355 500 произведений, 25 200 авторов.

Электронная библиотека книг » Михаил Лаптев » Костер рябины красной » Текст книги (страница 1)
Костер рябины красной
  • Текст добавлен: 19 марта 2017, 18:00

Текст книги "Костер рябины красной"


Автор книги: Михаил Лаптев



сообщить о нарушении

Текущая страница: 1 (всего у книги 8 страниц)

Костер рябины красной

Матерям и сестрам нашим, безвестным и беззаветным героиням тыла

ГЛАВА ПЕРВАЯ

Федосеев рывком отворил дверь и быстро вошел в маленькую приемную начальника доменного цеха.

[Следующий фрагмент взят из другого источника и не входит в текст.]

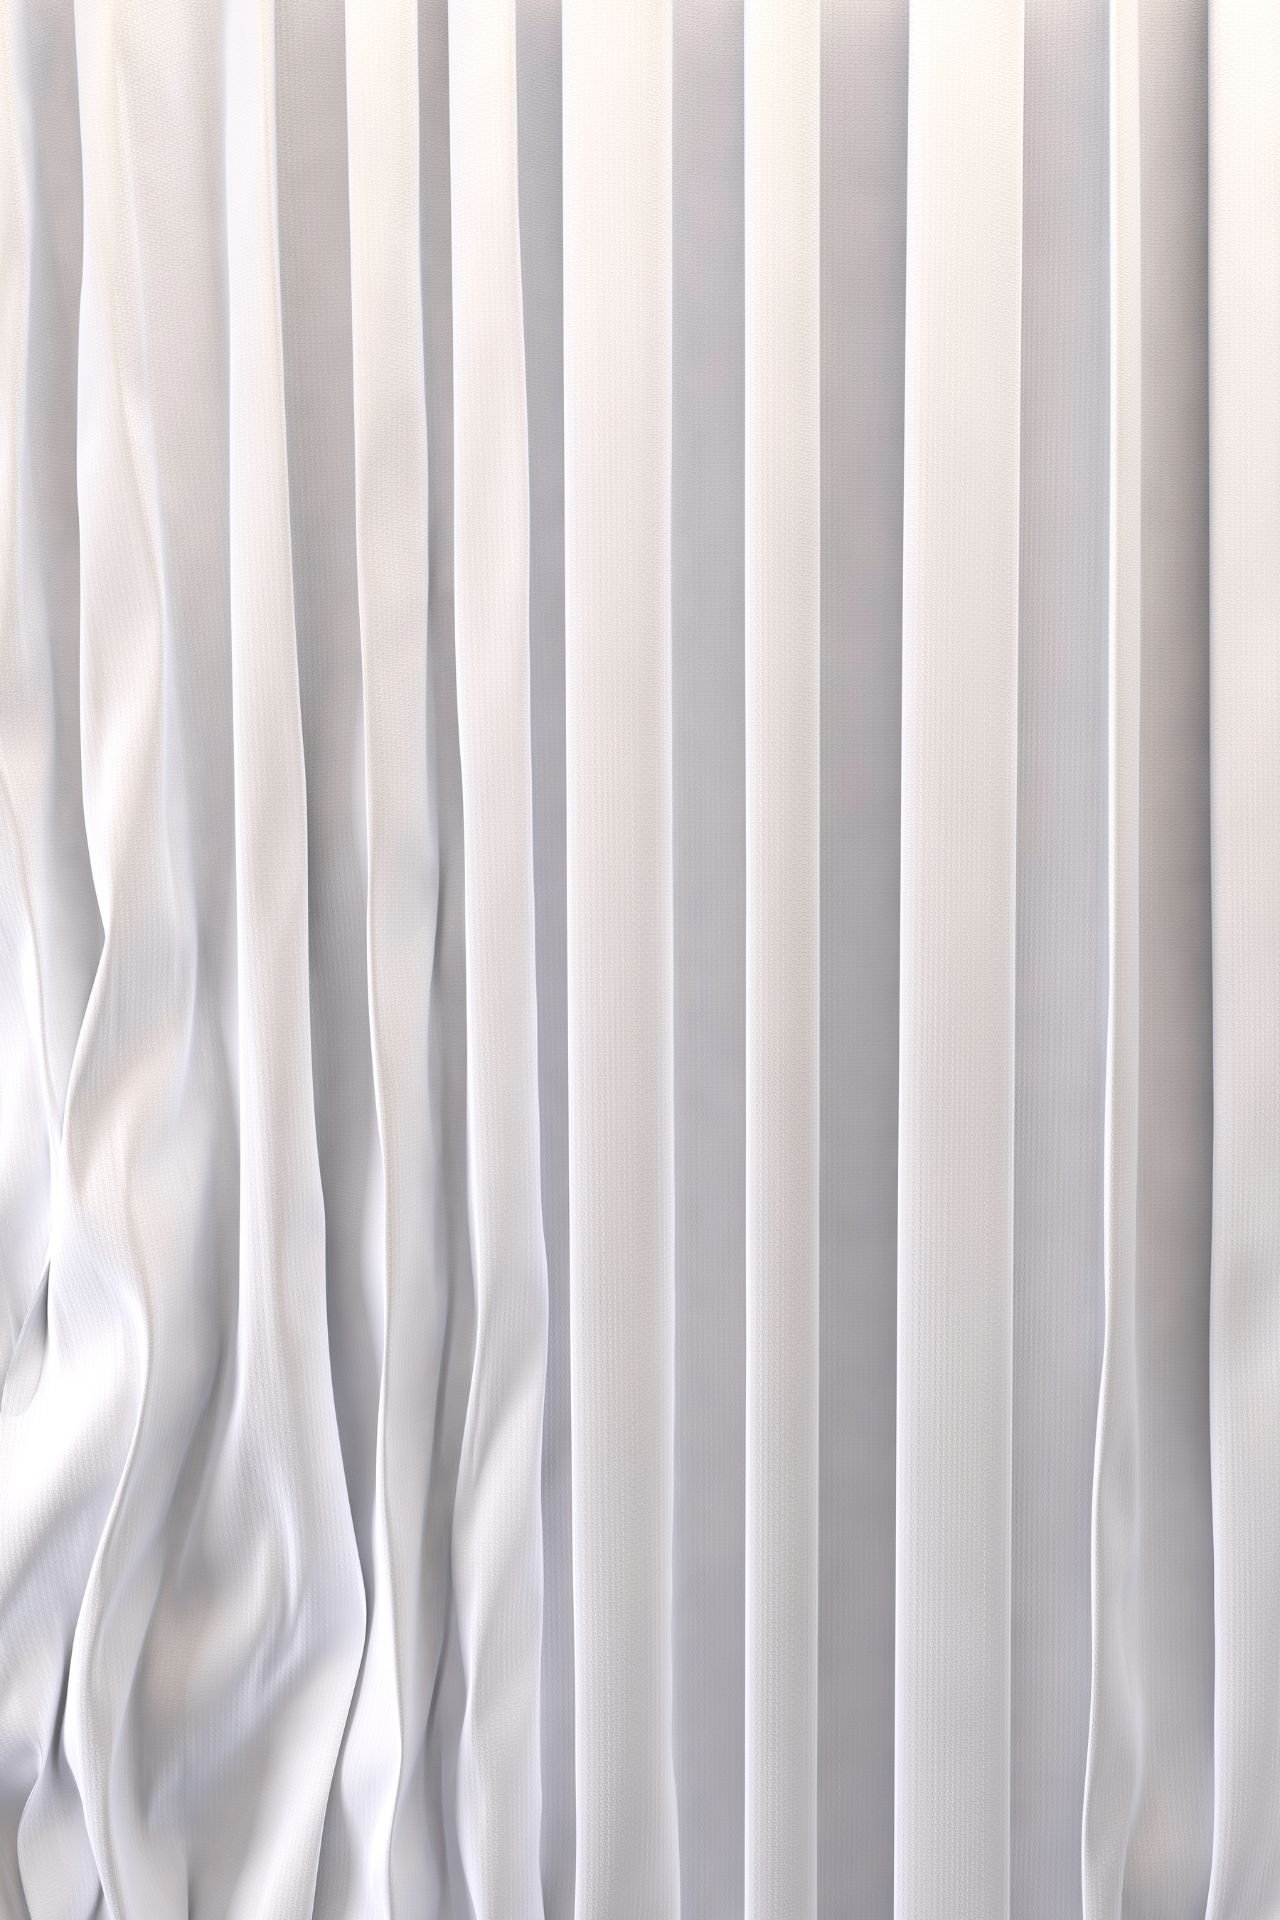 Silk Curtains in Dubai 2

Свирепо глянул на взметнувшуюся было секретаршу. Та, наткнувшись на этот взгляд, как-то даже опешила и ничего не сказала. Федосеев, как был в прожженной суконной робе, в войлочной, с обвисшими полями шляпе, в подшитых катанках с обрезанными голенищами, в брезентовых рукавицах, густо заляпанных жидкой светло-рыжей глиной, прошел в кабинет.

Севастьянов удивленно посмотрел на вошедшего. Брови начальника цеха медленно сдвинулись к переносице.

– Ты что, Лукьян Кузьмич, позвонить не мог или кого помоложе прислать?

– Некогда трезвонить, Арсений Иванович. До беды рукой подать. Когда порядок будет?

– Какая беда? О чем ты? Говори толком.

– Сколько раз тебе говорить, погубите людей и печь нарушите!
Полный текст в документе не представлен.